The inter-state kerfuffle centers on budgets and taxes and the records of O’Malley, who heads the Democratic Governors Association, and McDonnell, who heads the Republican Governors Association, on both of those topics. The two men were on CNN’s State of the Union on Sunday, their first joint television appearance while leading their partisan governor’s groups.

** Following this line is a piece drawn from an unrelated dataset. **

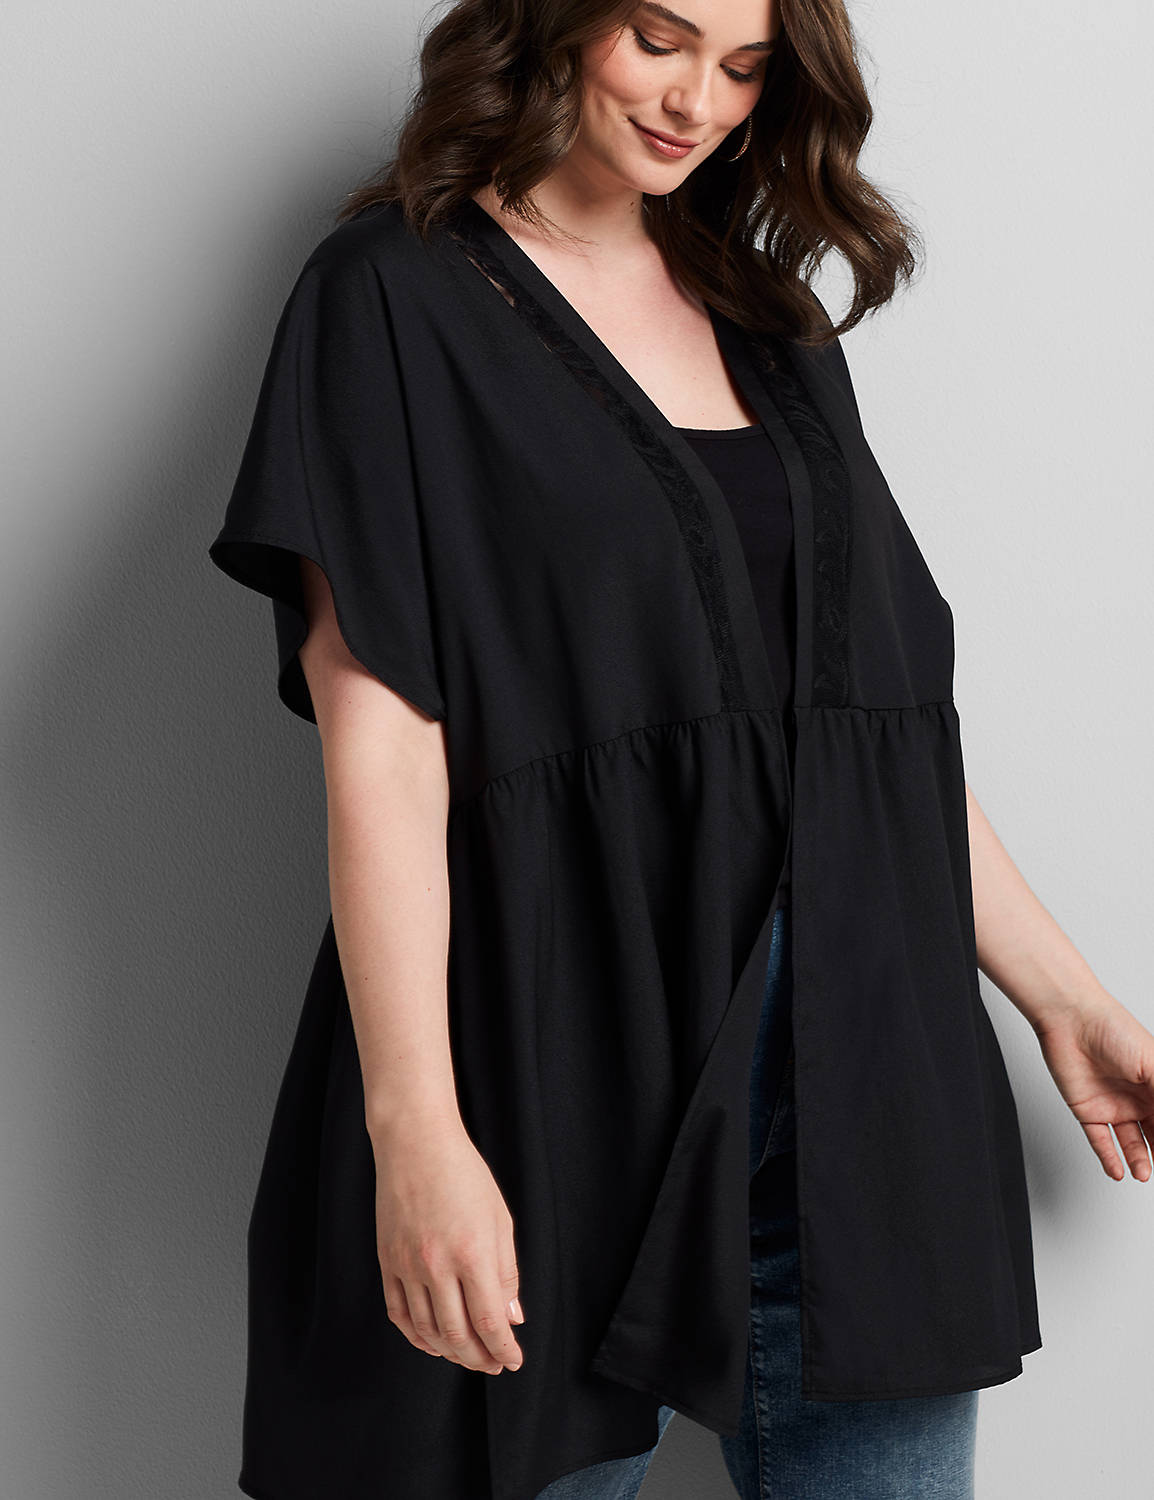 Dolman Sleeve Overpiece Tunic 1114702:Pitch Black LB 1000322:14/16 Product Image 1

David Sloan, executive director of the Maryland Democrats, wrote Wednesday: “McDonnell’s illusionary ‘surplus’ is the result of deferred bills, dismantled programs important to the middle class, budgetary obfuscation and federal stimulus spending. Rather than investing in Virginia’s future, McDonnell has slashed hundreds of millions of dollars from schools, colleges and universities, and cut funding by a third for EMTs, police officers and firefighters. No wonder Virginia has one of the worst track records on funding education and ranks 44th in job creation in 2011.”

That came after Virginia Republicans hit O’Malley using a blog post on the National Review Online.

“So of all those Virginia Democrats who might be considering a run for governor in 2013 – like Terry McAuliffe, Mark Warner and Ward Armstrong – we ask a simple question: Do you support the O’Malley model of governance, or the McDonnell model of governance?”